Postman Calvin Diaz follows the numbers spray-painted on the ground to make his deliveries. Out of 8,000 or so homes once on his route, he can only deliver to 300 that remain occupied, or at least still visited by their owners.
His own house was ruined and he and his wife moved to San Antonio, Texas, but he had to return to New Orleans to clock up another six months’ service to earn his pension. “After that, you can keep this place. I’ve had enough,” says Mr Diaz, who is lodging with friends and will rejoin his wife in Texas in the new year.
The Federal Emergency Management Agency has spent $5.1 billion (£2.7 billion) on recovery in Louisiana and the insurance industry has paid $15.5 billion (£8.2 billion) to homeowners there and in Mississippi.
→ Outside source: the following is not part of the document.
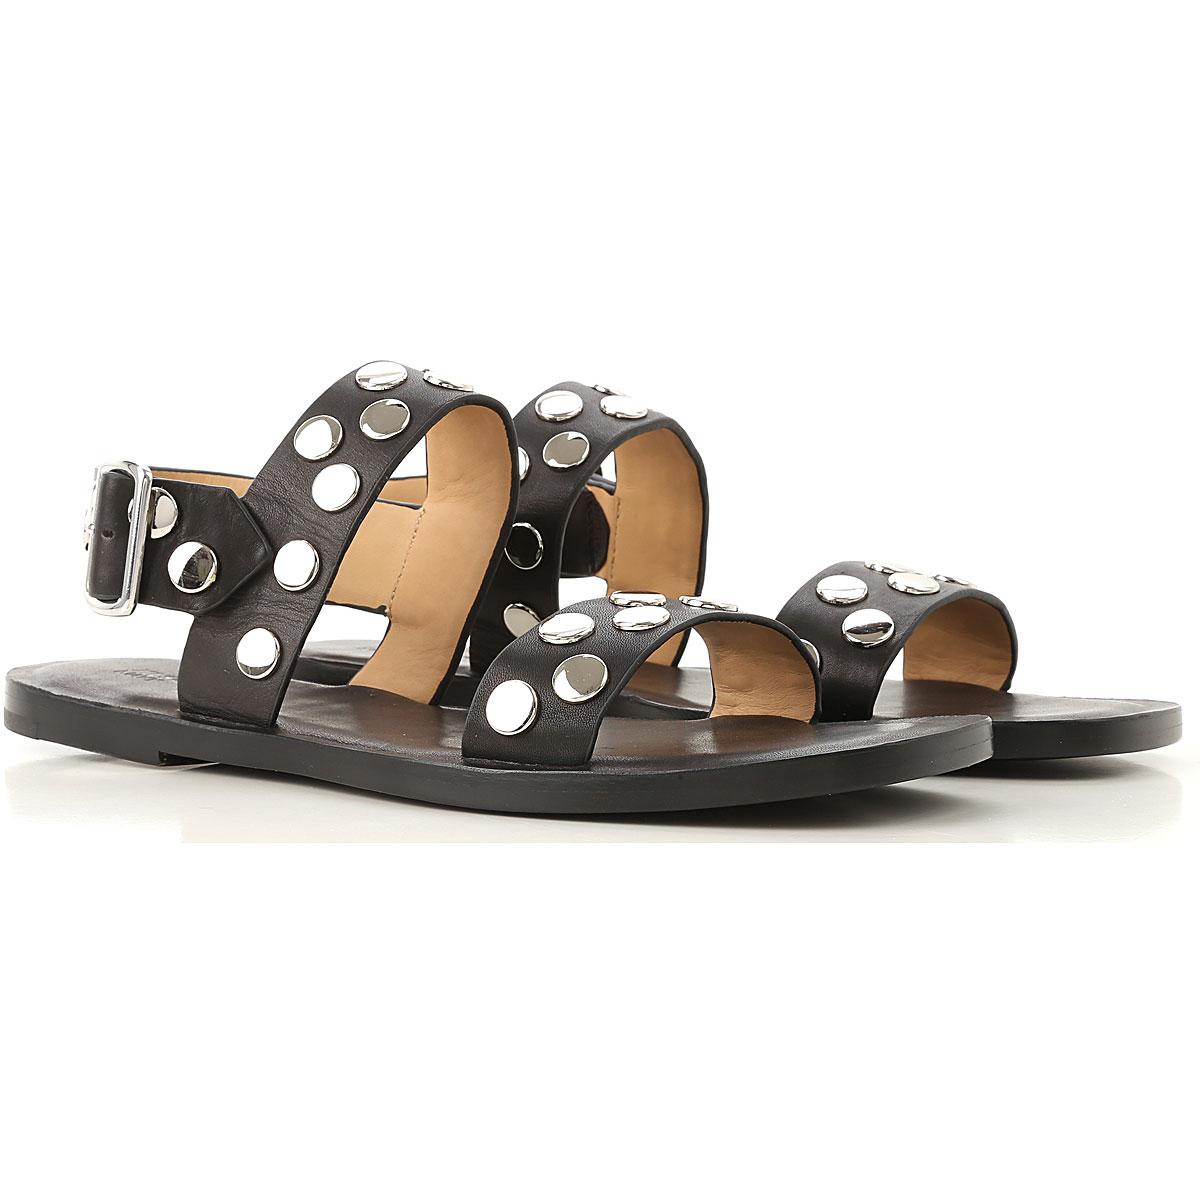 Jil Sander Sandals for Women On Sale in Outlet, Black, Leather, 2019, 8 9

Lawyers are working frantically on behalf of thousands of residents to file lawsuits against intransigent insurance companies by Tuesday — the first anniversary of Katrina, when the statute of limitations expires.
“People have been given the impression all along by their insurance companies that things would be resolved, but they didn’t come through, so now people are scrambling to protect their rights,” John Paul Massicot, a lawyer, said. “I hate to say this, but my gut feeling is that the insurers are counting on a large percentage of people giving up out of frustration and exhaustion.”
The suicide rate has tripled since Katrina and doctors report an epidemic of depression and anxiety-related illnesses. “For the people of New Orleans, there’s no ‘post’ in post-traumatic stress disorder,” says Father Jim Deshotels, a Jesuit priest.
Elmore Rigamer, medical director of Catholic Charities of New Orleans, is head of Lousiana Spirit, a crisis counselling programme. “The acute phase — the panic and high anxiety — may have abated, but now there’s this chronic level of tension and depression,” he said. “There’s underlying despair and hopelessness, there’s lack of confidence in leadership, there’s the worry that the levees aren’t ready to handle another big hurricane. It’s hard on everybody.
“We tell them: This was a horrendous thing, you are not going crazy if you are frightened or despondent. Know that it’s a normal reaction. Know you are going to get through it. Know that there is a road home.”